> Assigned task
With the images removed, write out every line below exactly.

> Data section

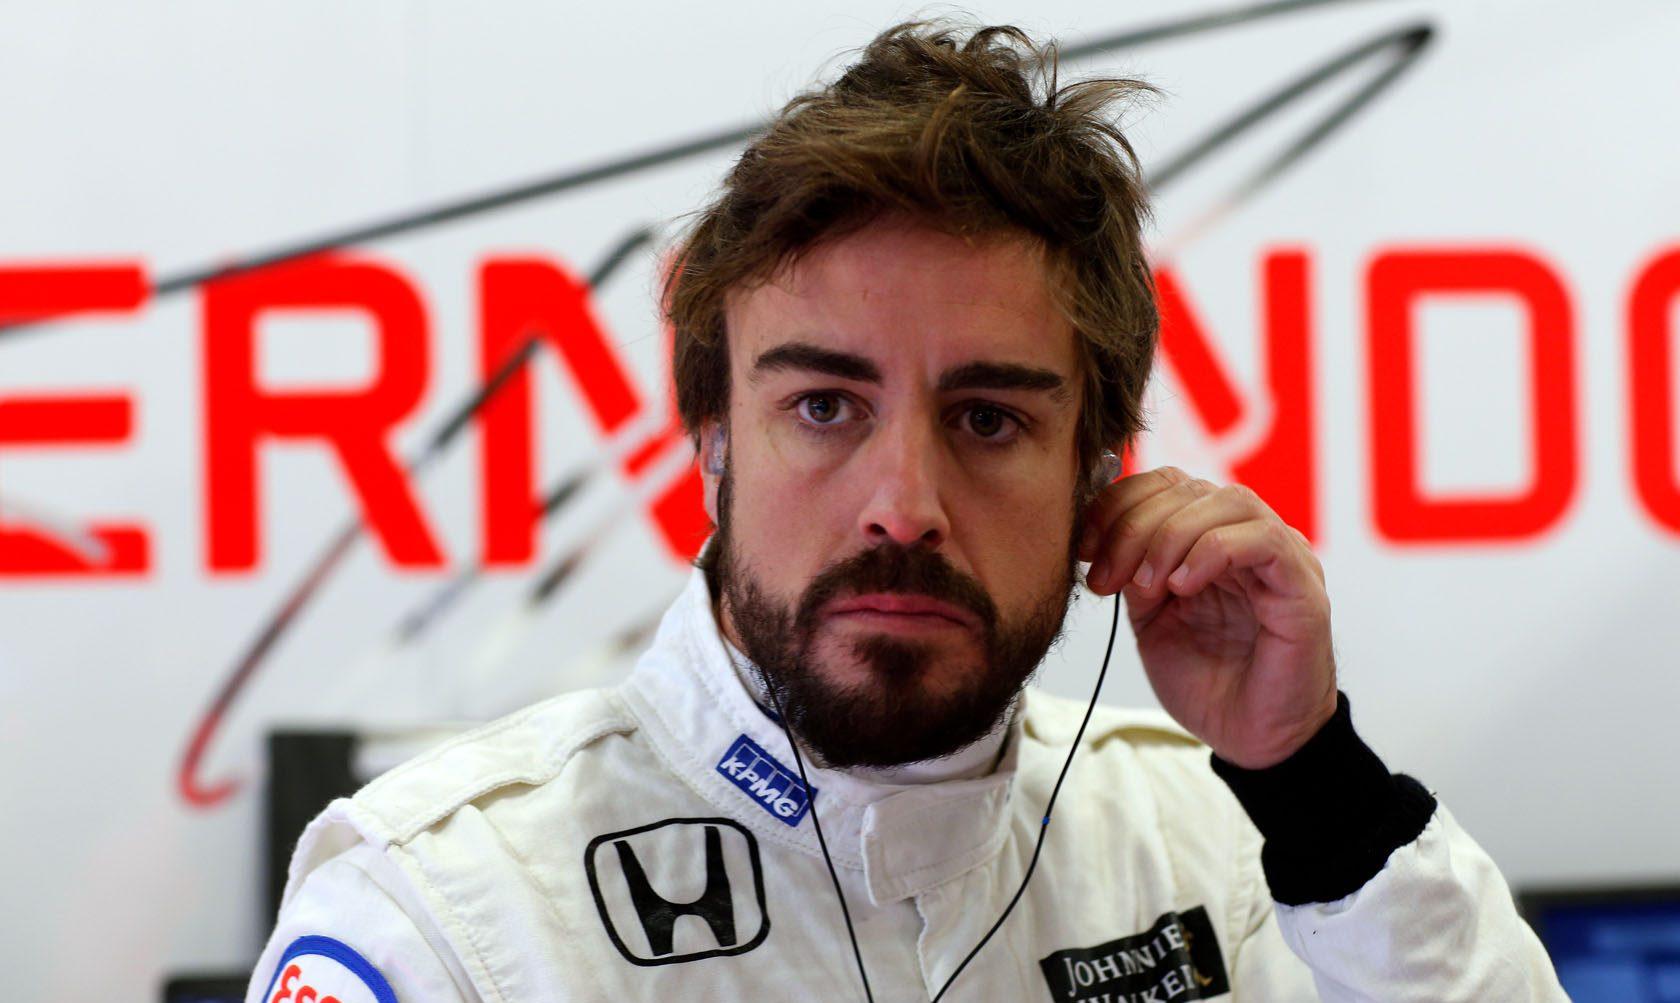 Fernando-Alonso-McLaren-Barcelona-2015-F1-testing-20
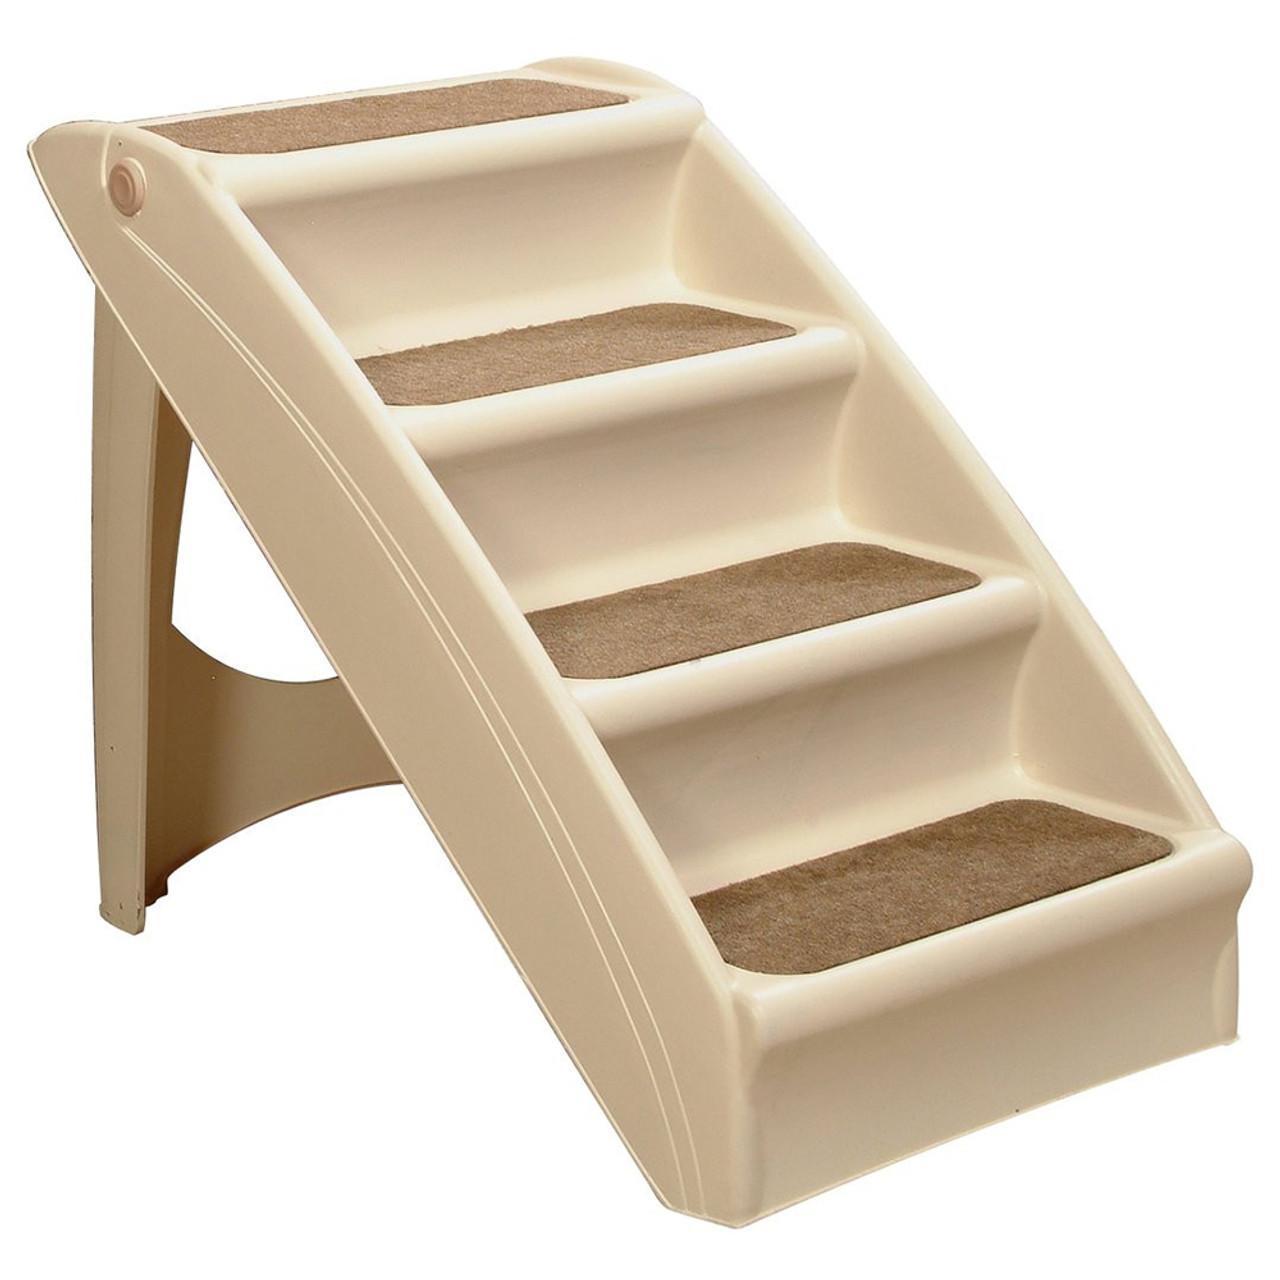 Solvit PupSTEP Plus Pet Staircase
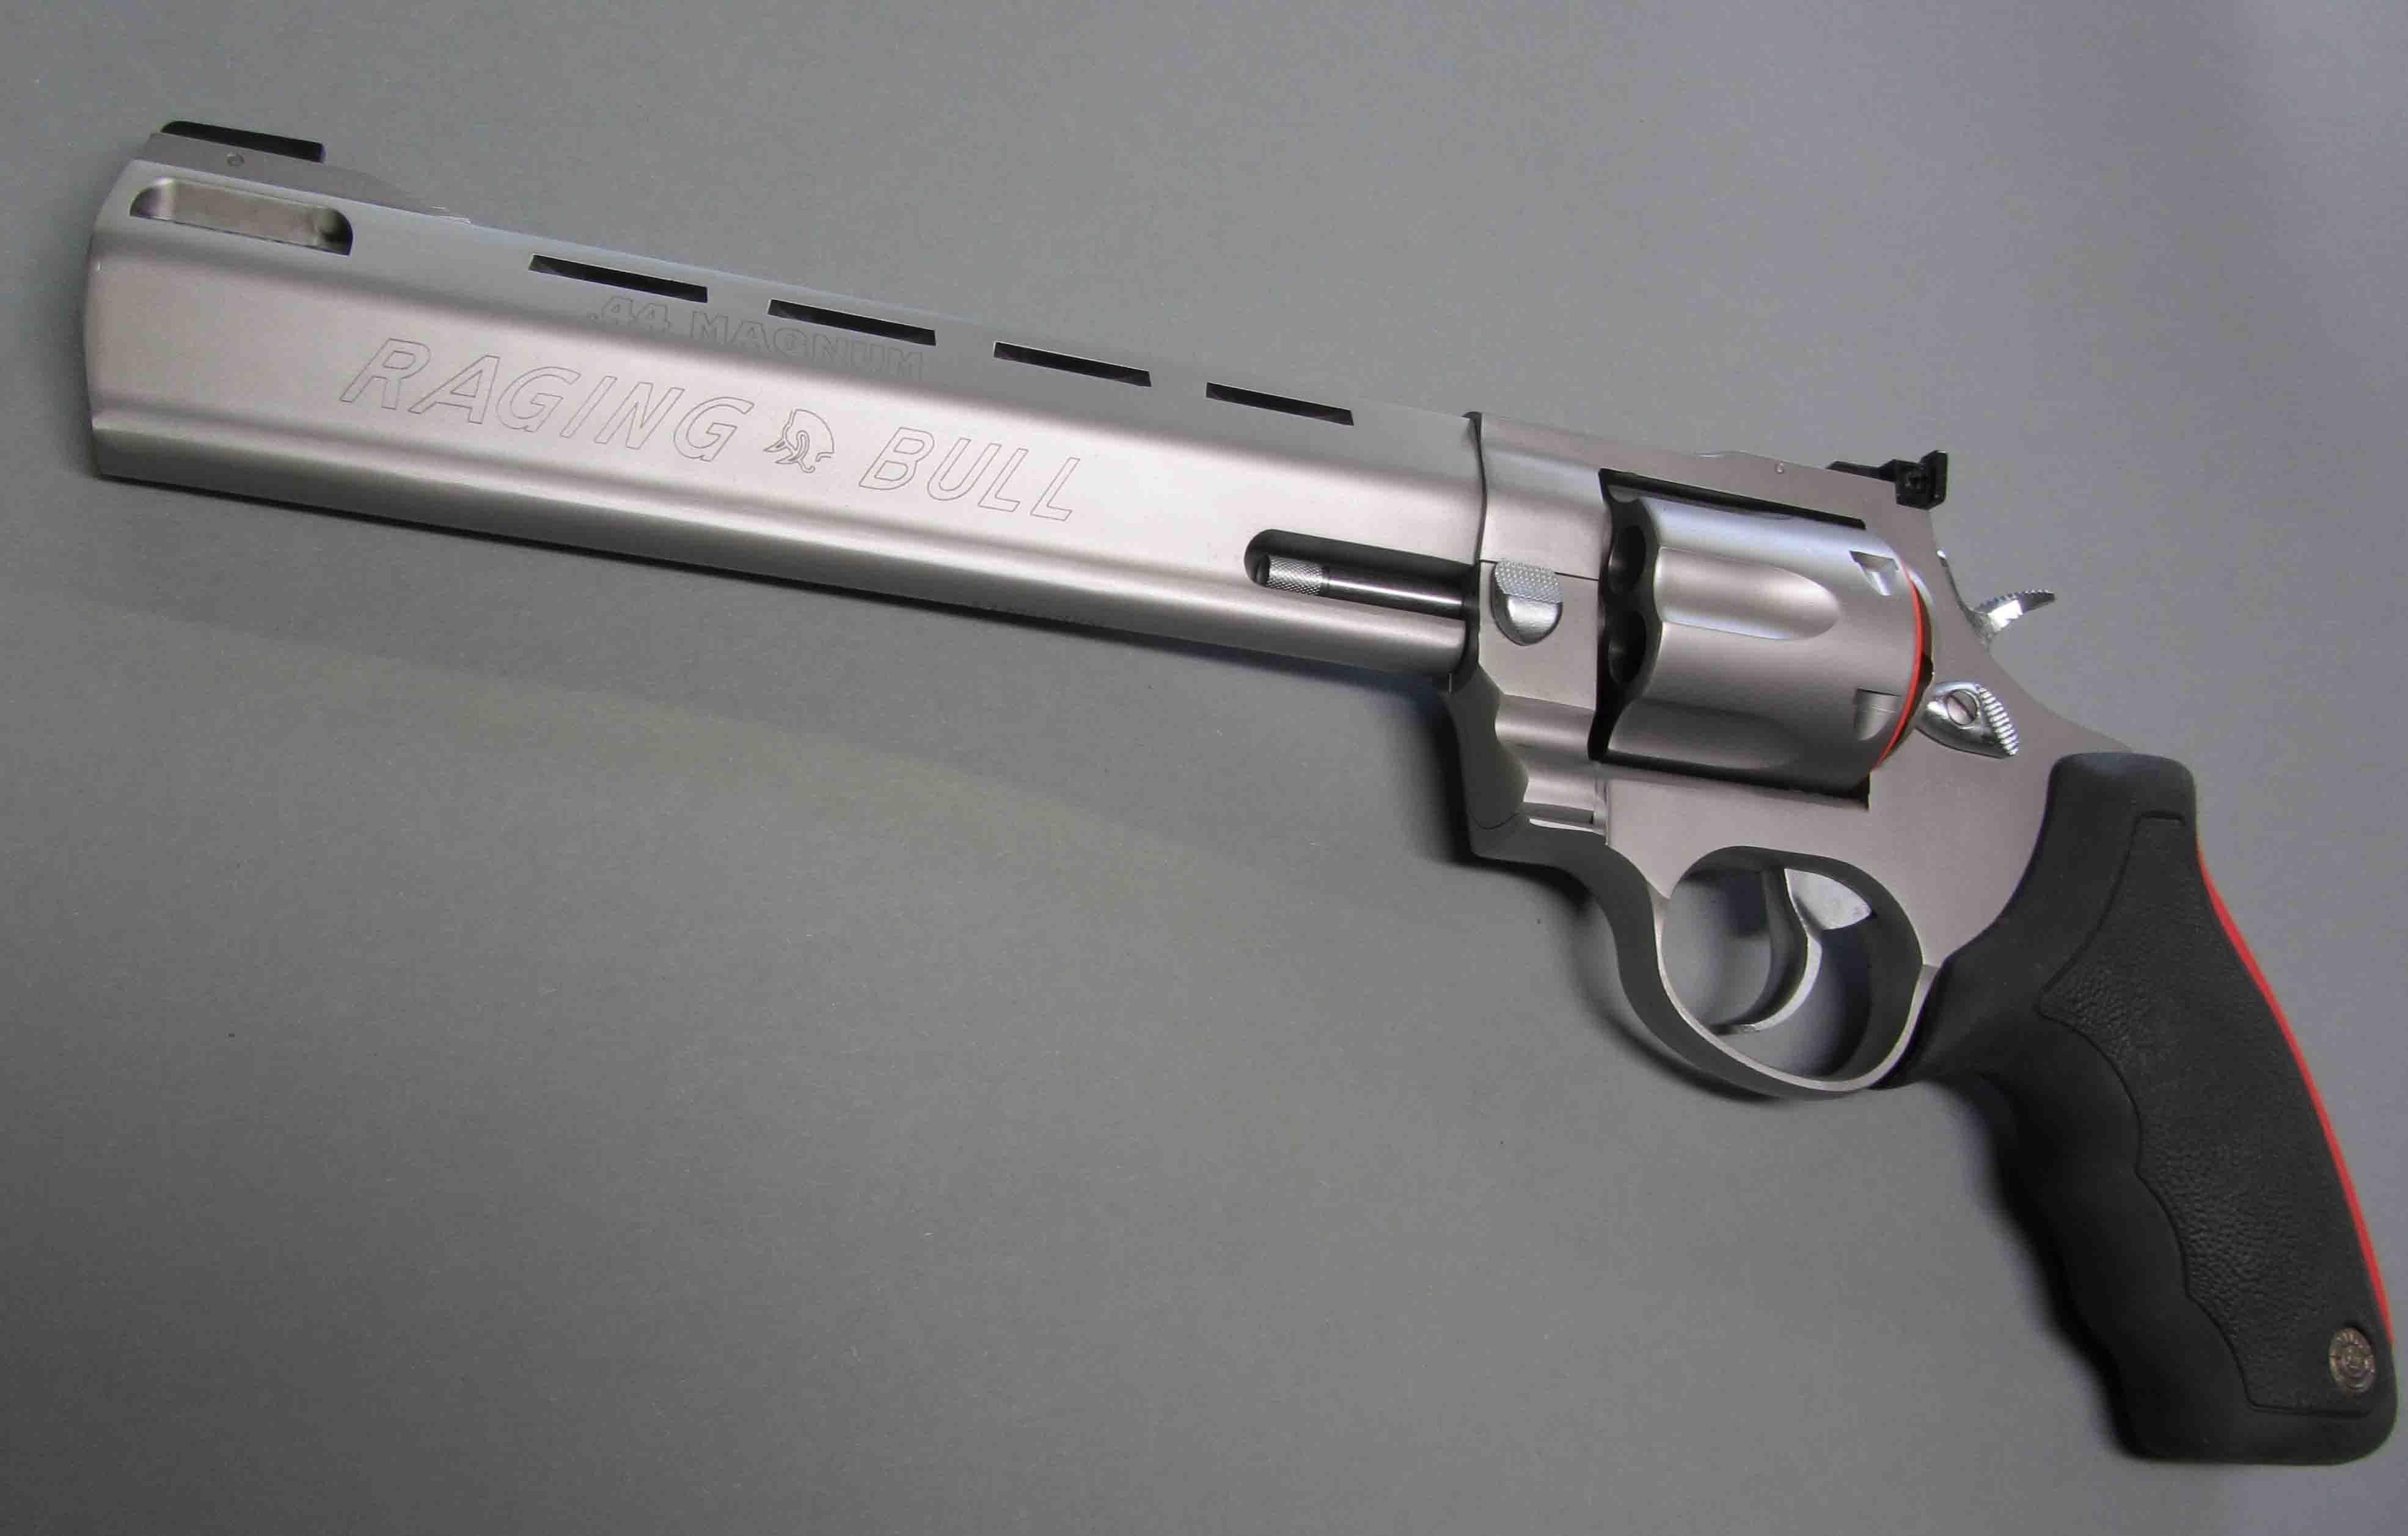 Download Wallpaper Red Black Bull Weapon Gun Taurus Well

> Final answer
 Fernando-Alonso-McLaren-Barcelona-2015-F1-testing-20
 Solvit PupSTEP Plus Pet Staircase
 Download Wallpaper Red Black Bull Weapon Gun Taurus Well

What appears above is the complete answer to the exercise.